Earlier reports had put the number of dead in the strike at three, including an Uzbek militant.
Khalid bin Abdur Rahman had been the head of al-Qaeda's religious affairs wing, and was believed to have replaced Abu Yahya al-Libi as number two to Ayman al-Zawahiri.
He does not appear on US lists of most wanted terrorist suspects, as Libi did.
Pakistan's frontier tribal region is considered a hub of activity by al-Qaeda and Taliban militants and it is very difficult to verify information from the region.
Reporters are prevented by the authorities from travelling to the area.

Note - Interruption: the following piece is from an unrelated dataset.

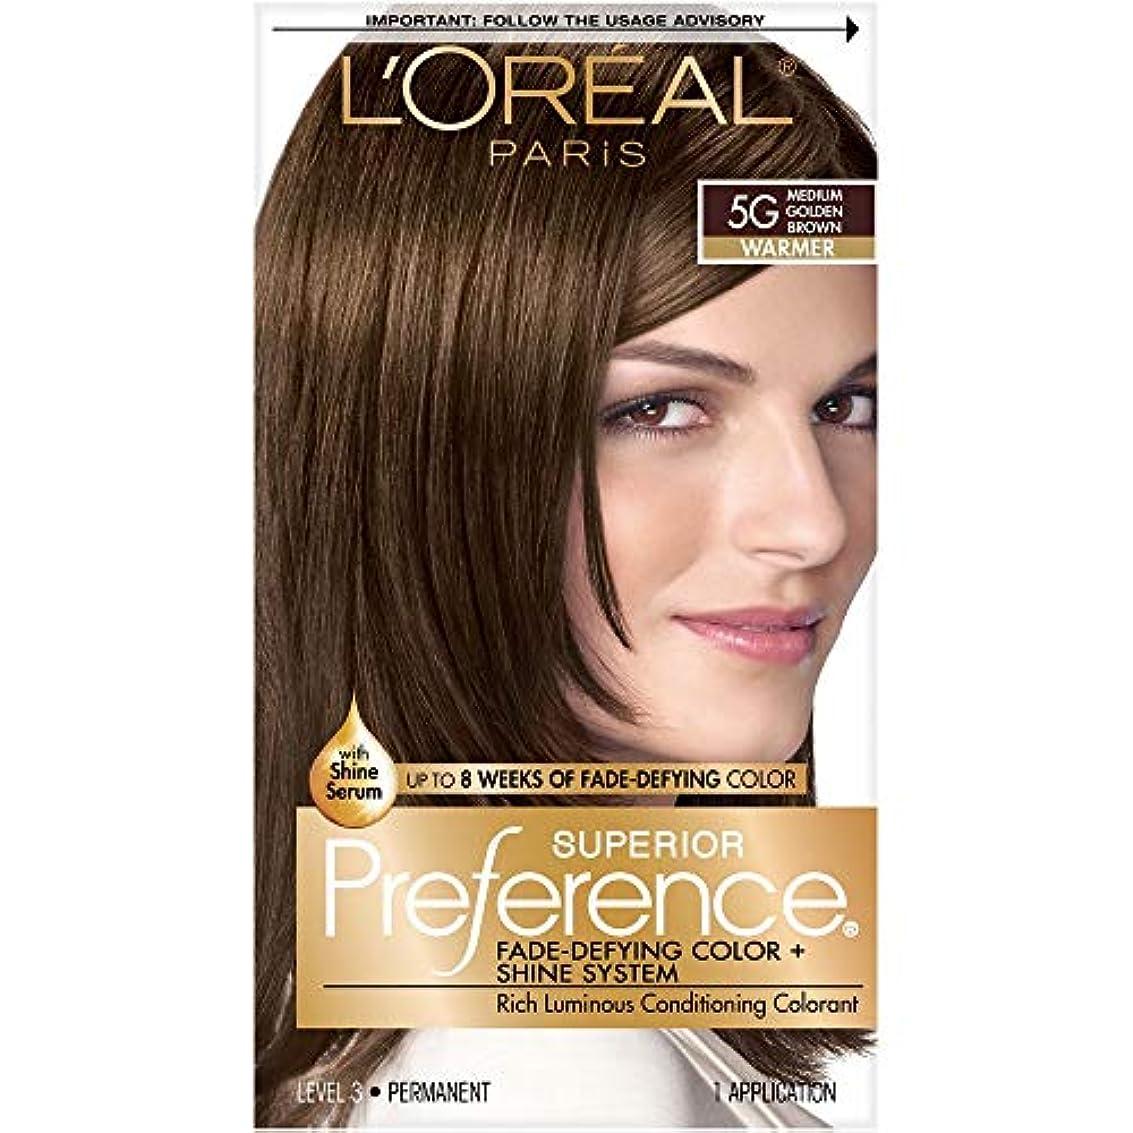 横に証明する最も早い海外直送肘 LOreal Superior Preference Hair Color 5G Medium Golden Brown, Medium Golden Brown 1 each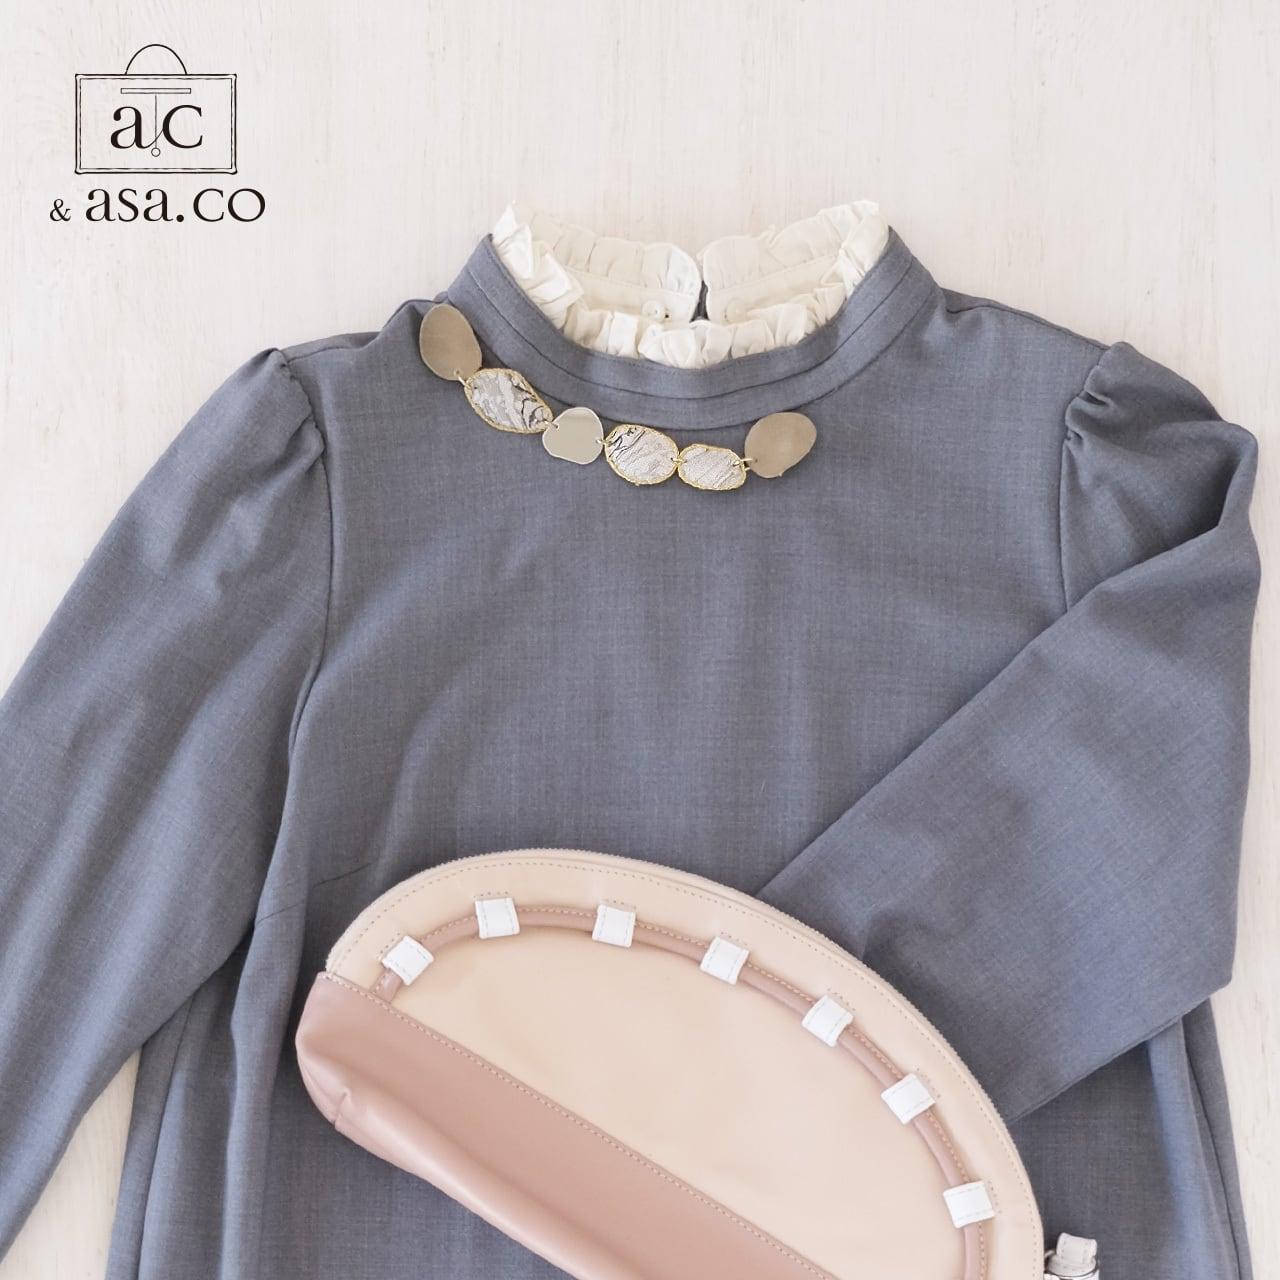 きらめき上品な衿元に 麻のブローチ〈 NeckStone 〉墨

Drone strikes have increased in frequency since US President Barack Obama took office in 2009 and hundreds of people have been killed, stoking public anger in Pakistan.
The dead include senior al-Qaeda and Taliban leaders, as well as an unknown number of other militants and civilians. US Navy Seals killed al-Qaeda leader Osama Bin Laden in the Pakistani town of Abbottabad in May 2011.
The US does not normally comment on individual drone operations, but earlier this year it emerged in the New York Times that the US president personally approves or vetoes each drone strike.
Islamabad has called for an end to drone strikes saying they violate the country's sovereignty, but analysts say Pakistan has privately sanctioned such action in the past.